Given material:
====
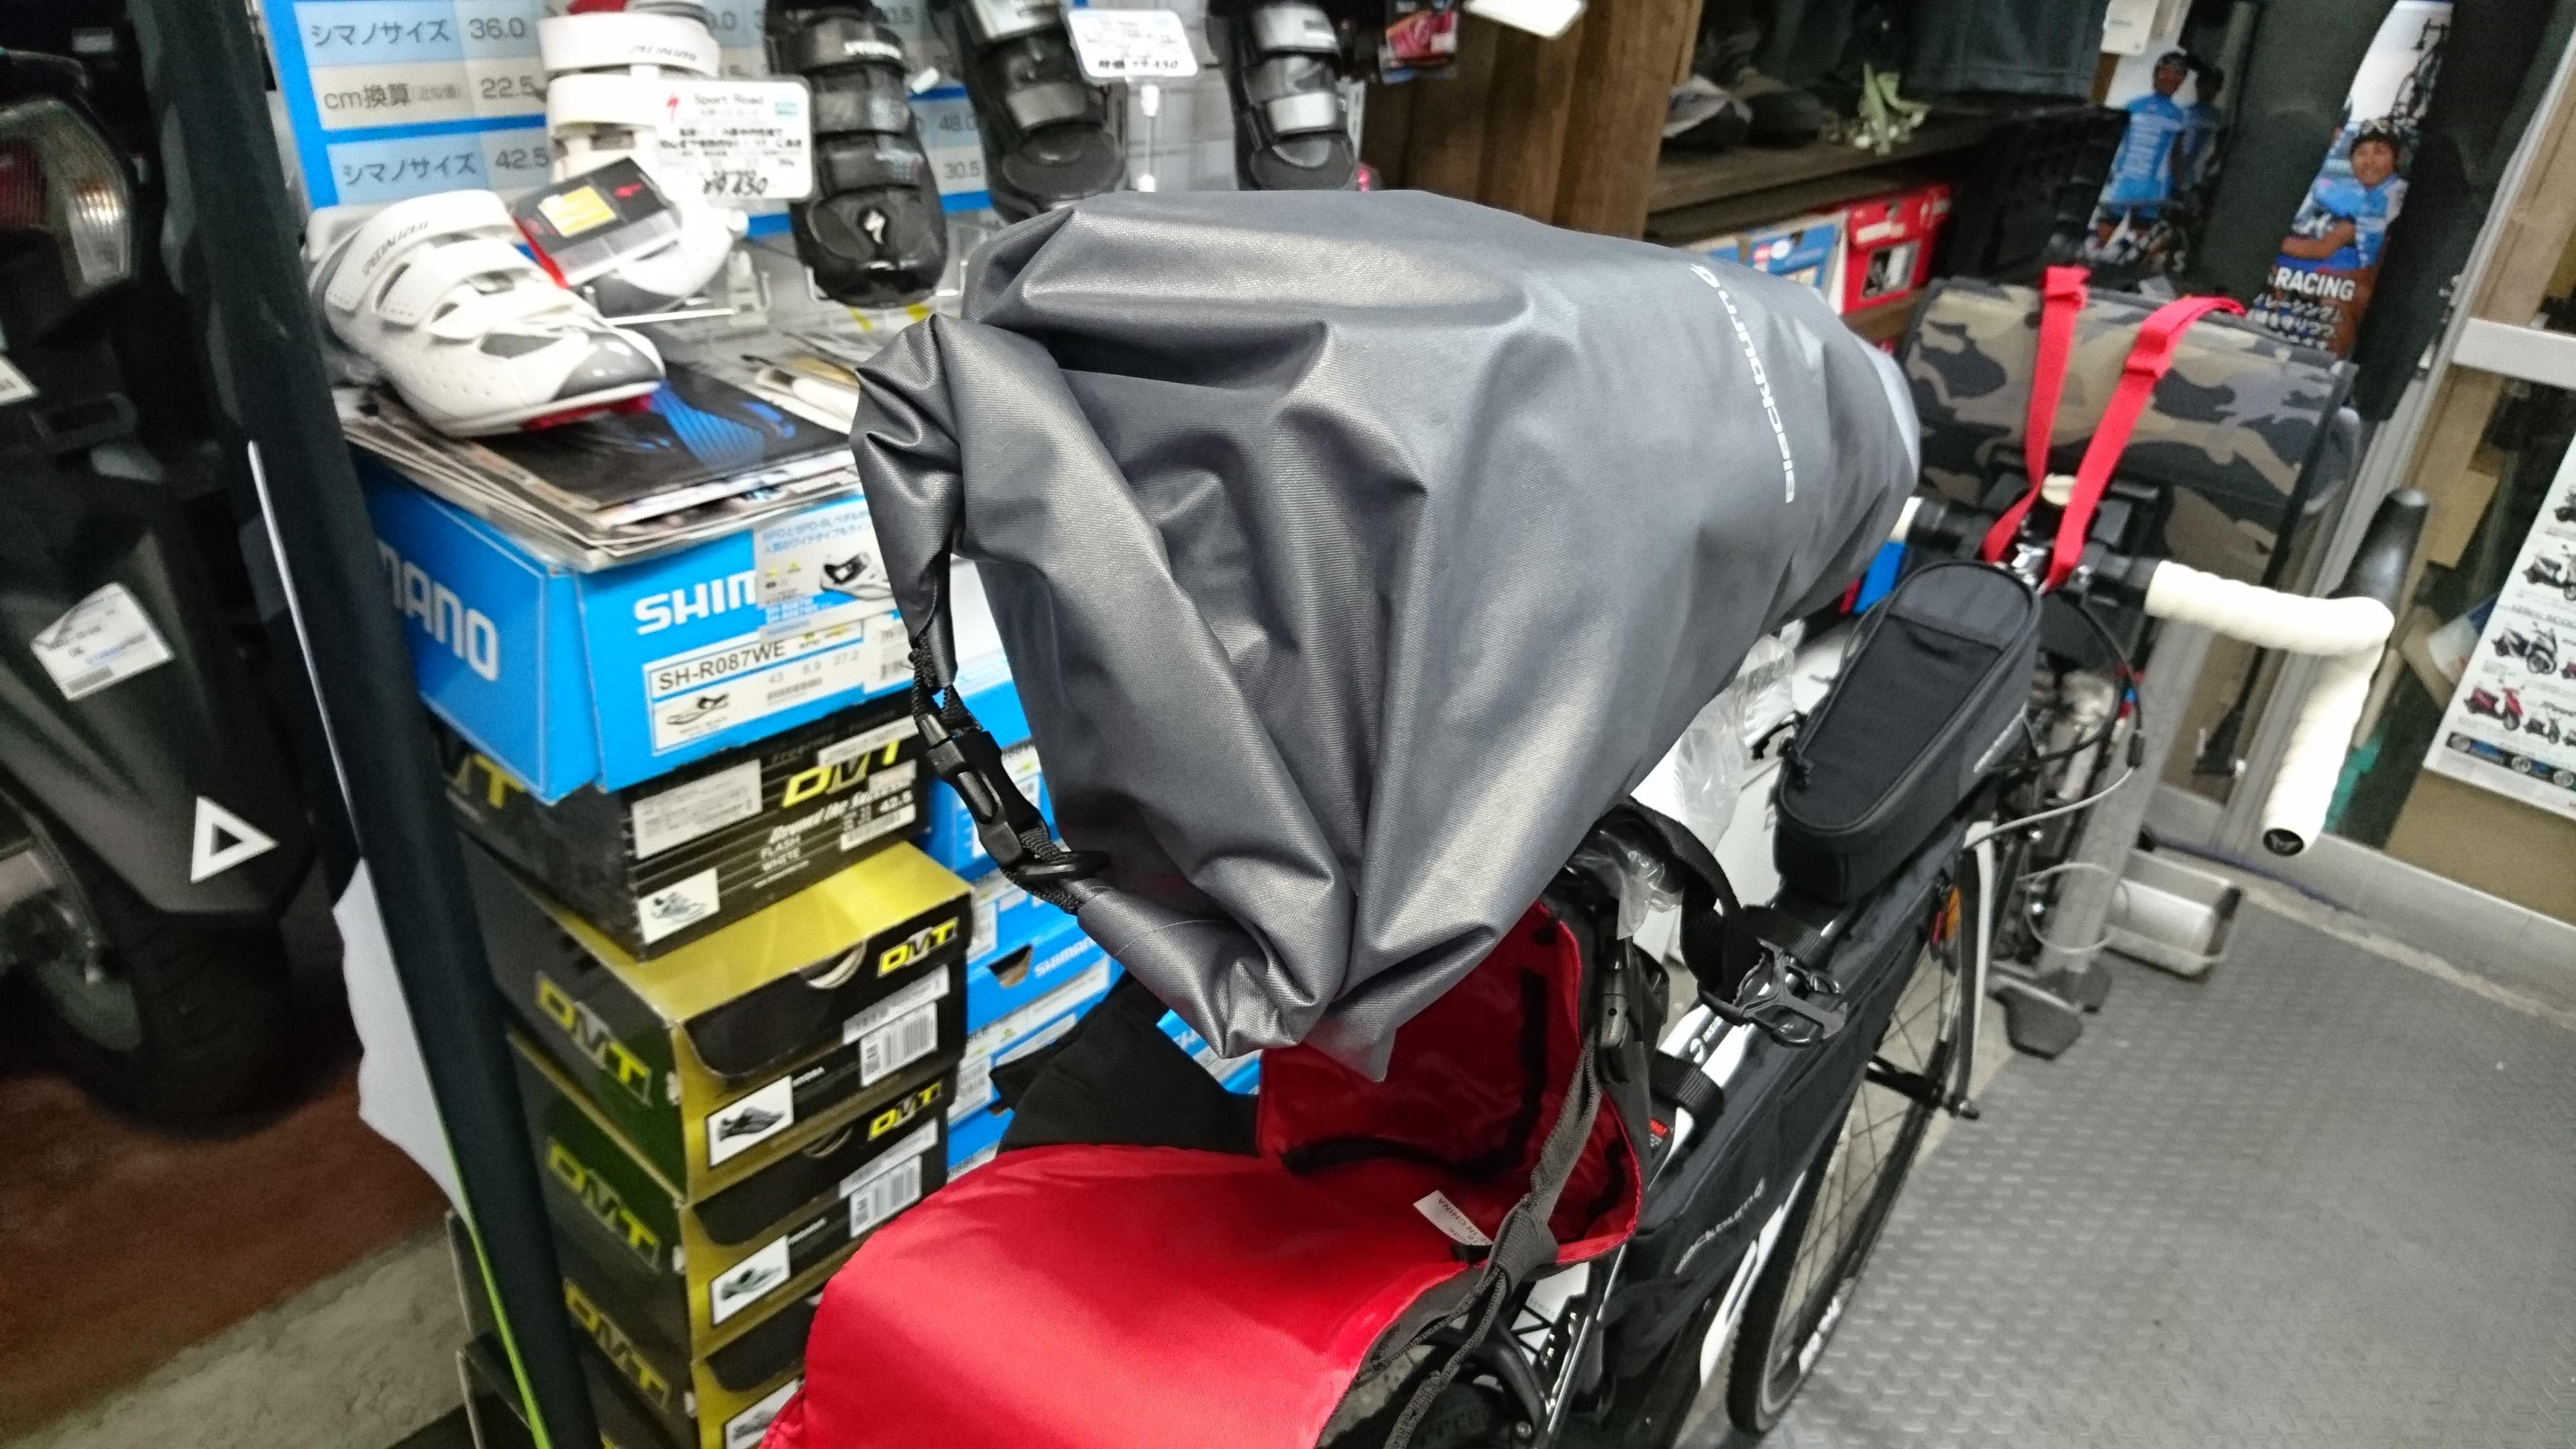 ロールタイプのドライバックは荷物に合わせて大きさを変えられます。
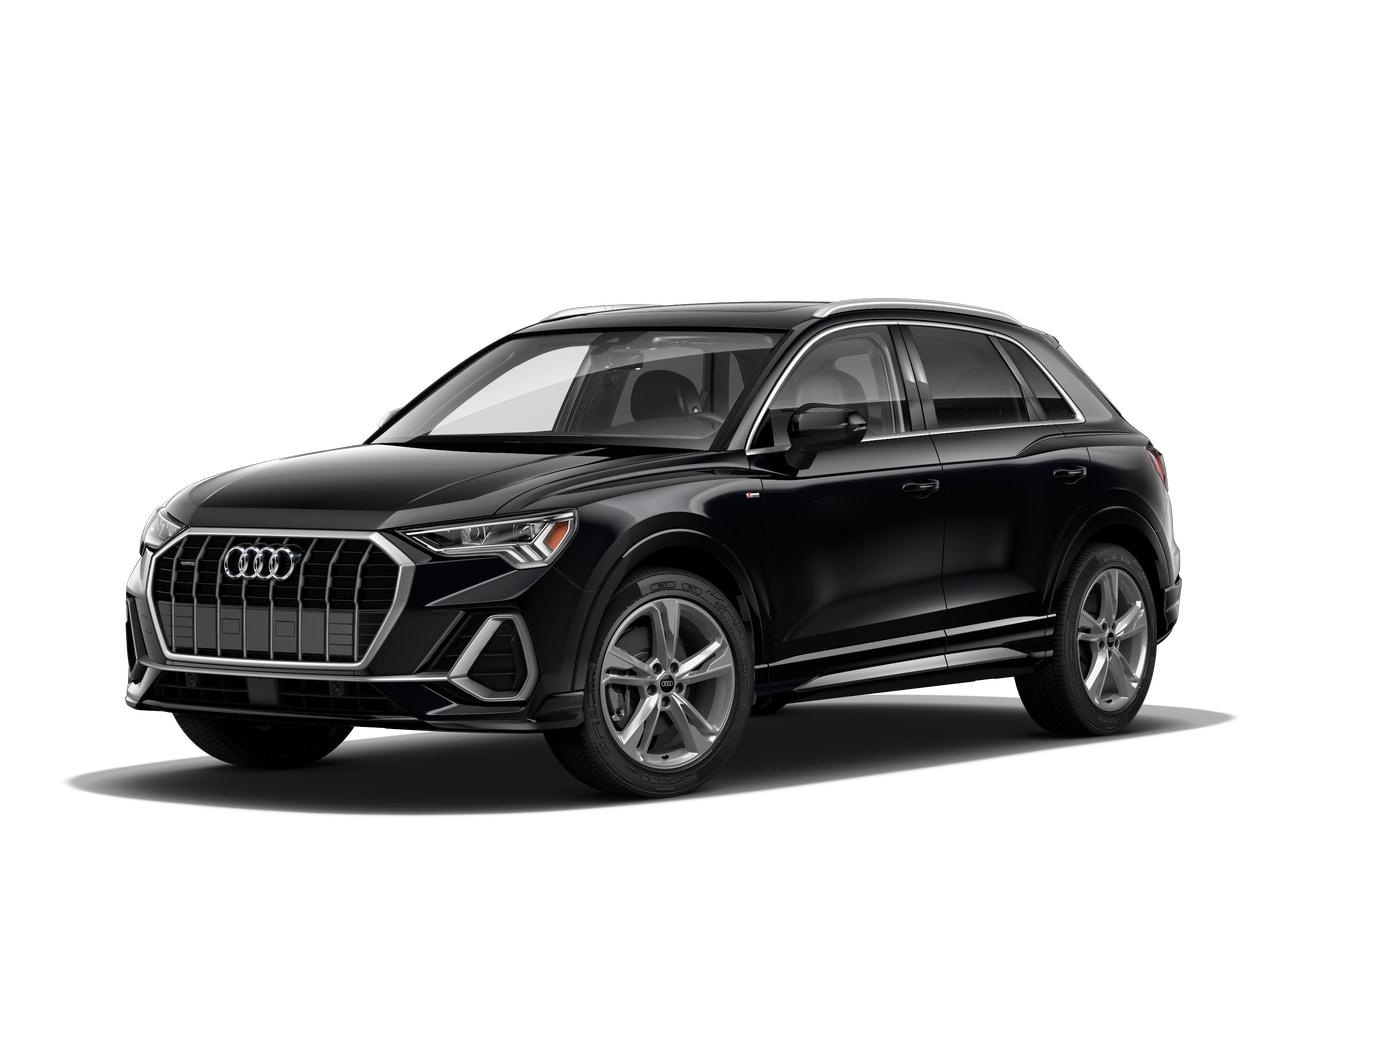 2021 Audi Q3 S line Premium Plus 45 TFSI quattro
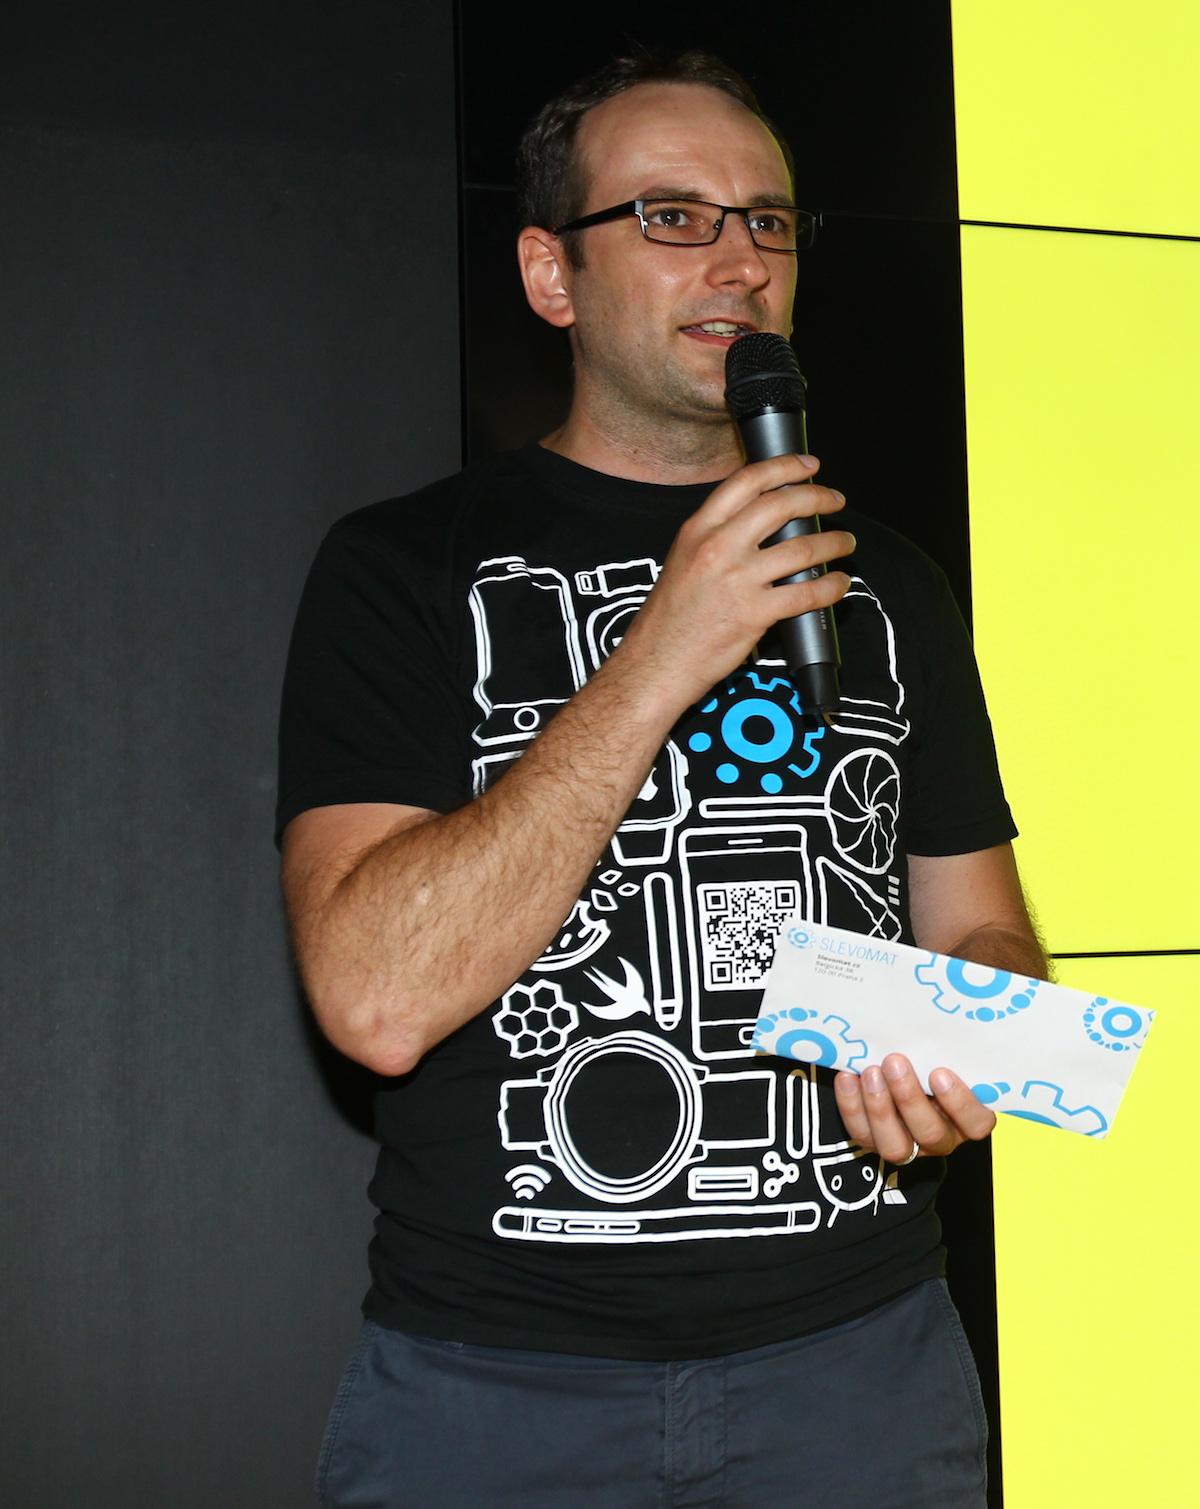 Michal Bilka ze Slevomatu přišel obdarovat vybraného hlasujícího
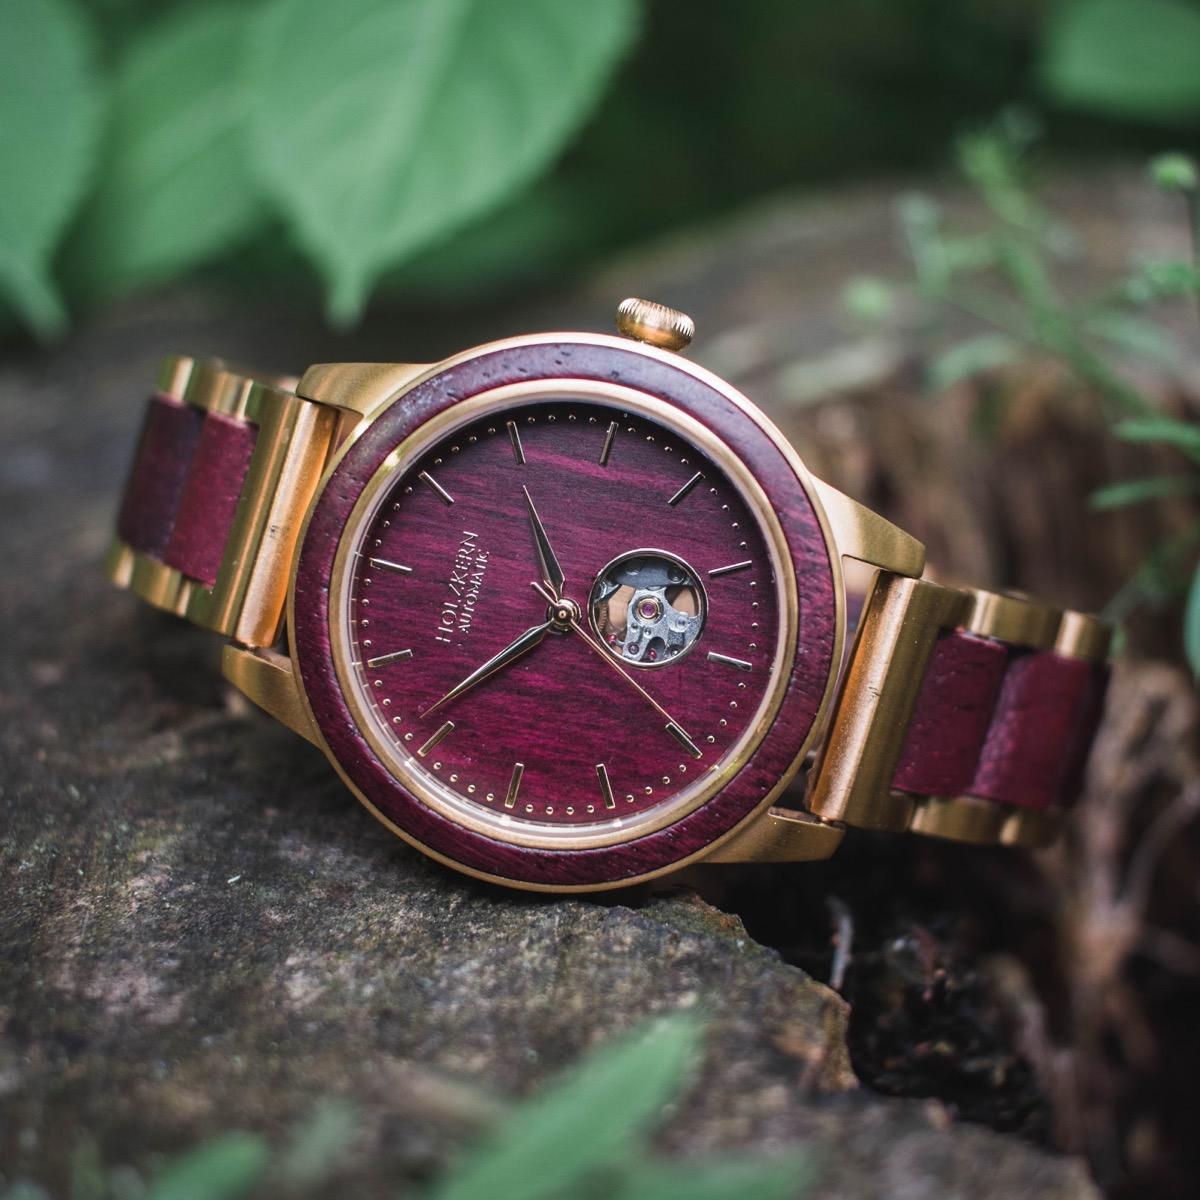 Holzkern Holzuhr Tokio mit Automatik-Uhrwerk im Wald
====
Exercise objective: With the pictures removed, return the listing above in its exact original wording.

Answer section:
 ロールタイプのドライバックは荷物に合わせて大きさを変えられます。
 2021 Audi Q3 S line Premium Plus 45 TFSI quattro
 Michal Bilka ze Slevomatu přišel obdarovat vybraného hlasujícího
 Holzkern Holzuhr Tokio mit Automatik-Uhrwerk im Wald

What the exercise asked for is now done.